# Is Lou Williams A PG?



## USSKittyHawk (Jul 22, 2005)

> 76ers guard Lou Williams can score. But, can he play point guard? Friday night against the New Jersey Nets, Williams shot 6-for-10, scored 15 points, grabbed three rebounds and had two assists and no turnovers in 26 minutes. He has just six assists in three preseason games.
> 
> Williams, who has taken over the playmaking duties with the departure of Andre Miller to Portland, insists he just has to be himself and play within himself.
> 
> "I think we did a solid job," Williams told the Courier-Post. "This offense (the Sixers' new Princeton Offense) is set up for it to be easy for guys. If you learn your position, it's not a very complicated offense. I'm not trying to do anything outside of my means. I'm a scorer at heart, I'm a playmaker at heart. That's what coach Eddie Jordan wants me to be."

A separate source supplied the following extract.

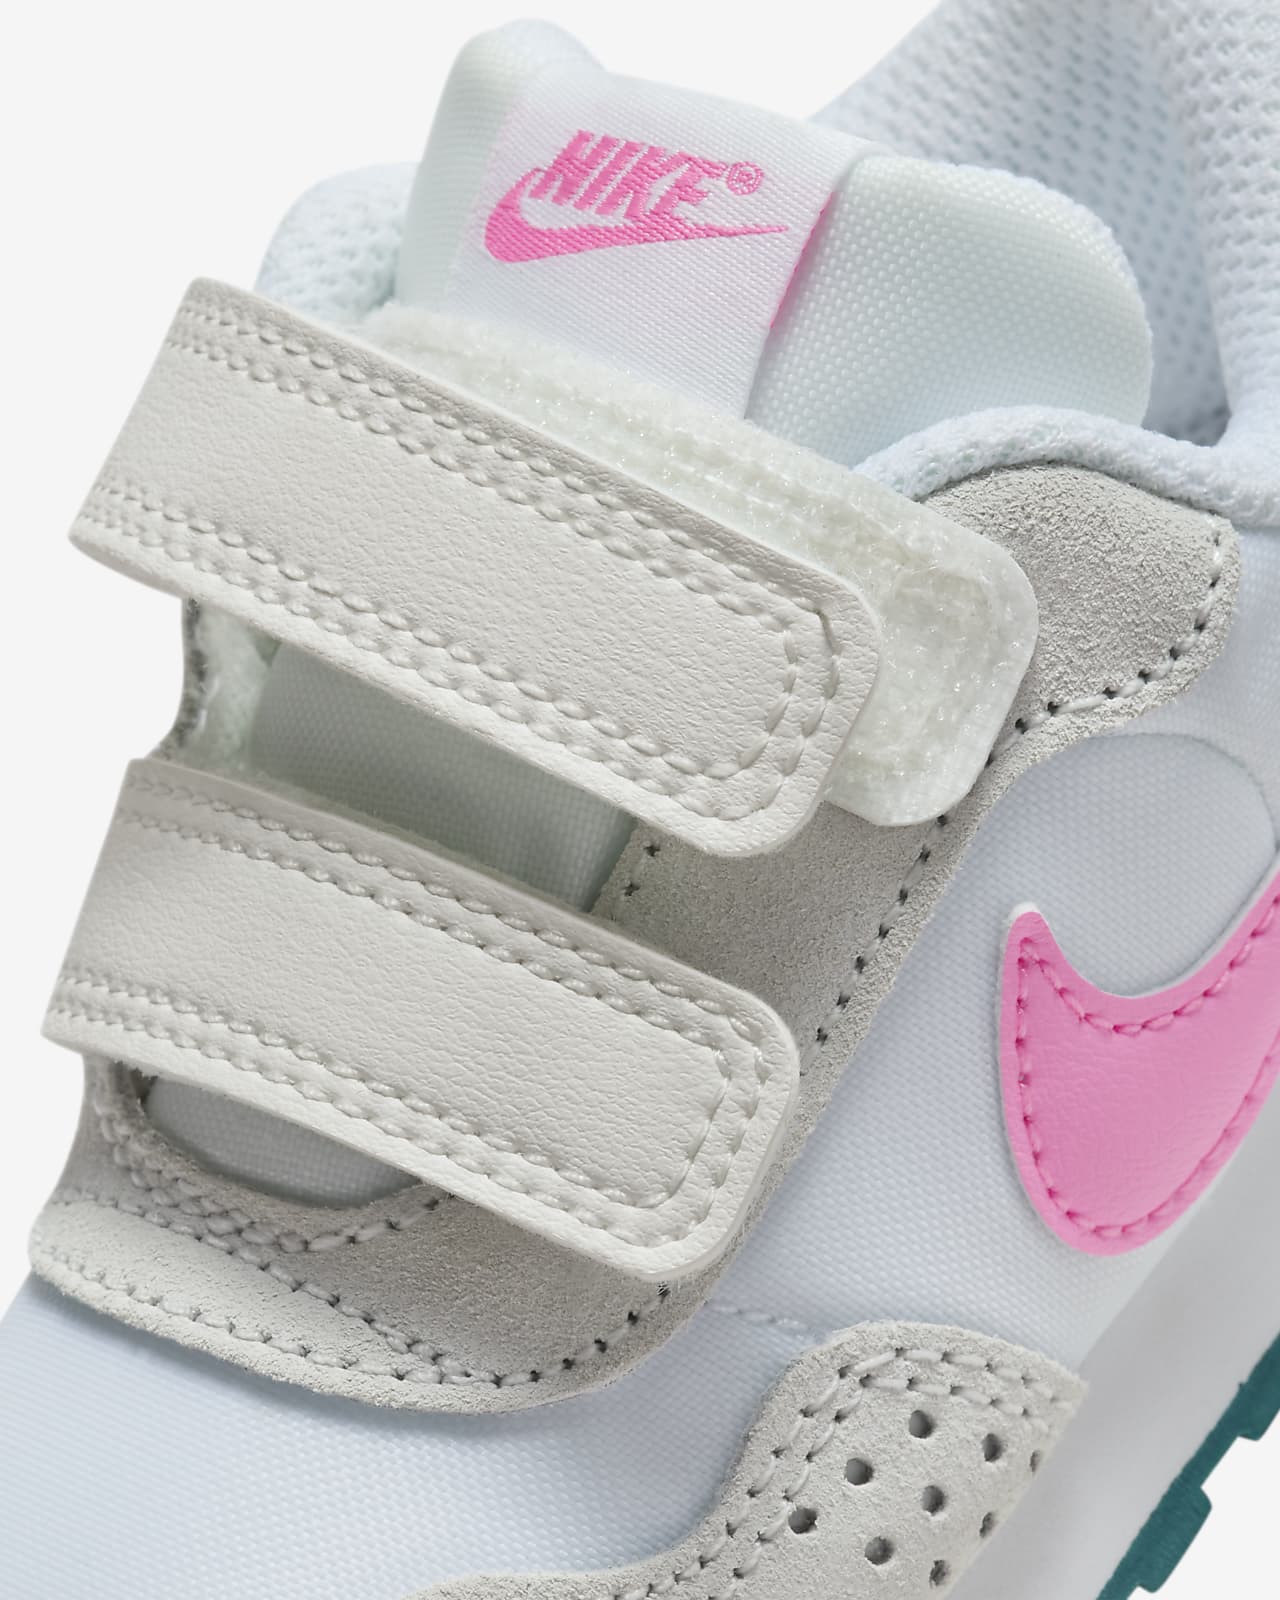 Shoes. Nike Baby/Toddler Valiant MD

http://insider.espn.go.com/nba/features/rumors


----------



## Coatesvillain (Jul 17, 2002)

Pretty much agree with what Lou said there. Individual assists are overrated anyway. The goal is to have a lot of team assists, and that's especially true with the offense the Sixers will be running.


----------



## Sliccat (Oct 16, 2004)

Where have all the sixer fans gone?


----------



## jayk009 (Aug 6, 2003)

Sliccat said:


> Where have all the sixer fans gone?


most of them were iverson fans


----------



## TYO23 (Feb 2, 2009)

I believe lou can play point for us. He has been effective so far. Id love to see him paired with jrue in the backcourt sometimes in this season.


----------



## RollWithEm (Jul 16, 2002)

Lou seems to already have it all figured out. The Princeton offense does not require a true PG any more than the triangle offense does. I actually think it is a good choice for Philly's current personnel.


----------



## Sliccat (Oct 16, 2004)

jayisthebasel88 said:


> most of them were iverson fans


I'm an Iverson fan, and most of us stuck around after he got traded. It's only been the past year and a half when this place died down.

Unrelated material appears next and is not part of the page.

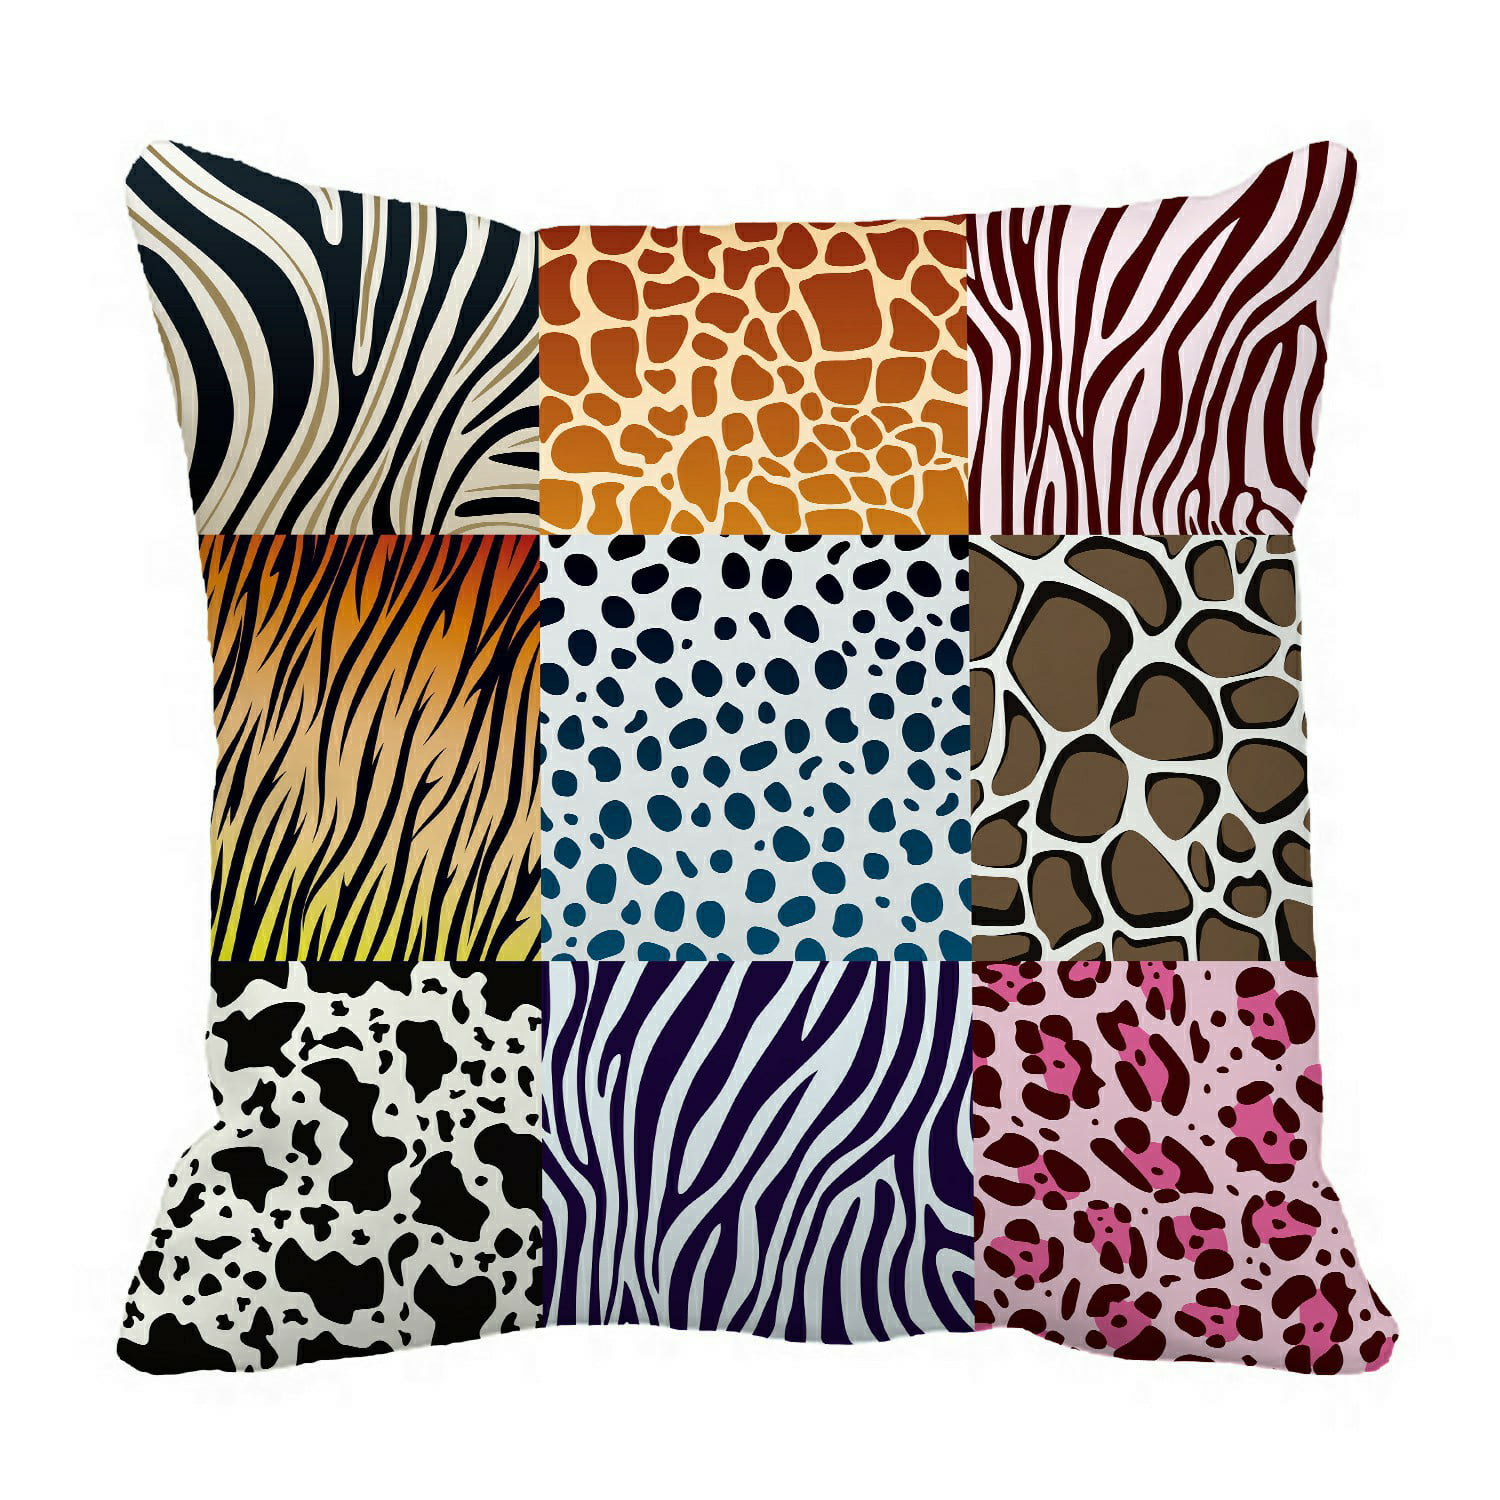 Soft Animal Print Zebra Leopard Polyester Deco Throw Pillow Case Cushion Cover

As for Lou, I'm not too worried about it. We've all beaten the princeton angle to death, but an underrated factor is his shooting ability. He's not even a good shooter really, but compared to Andre Miller? I have to think that will help the Andre/Thad combo volumes. It still leaves them with the problem of 3 slashers at once, but they'll have more scoring versatility this year.


----------



## Chan Ho Nam (Jan 9, 2007)

i can became a sixers fan when andre miller came to town

not liking brand though


----------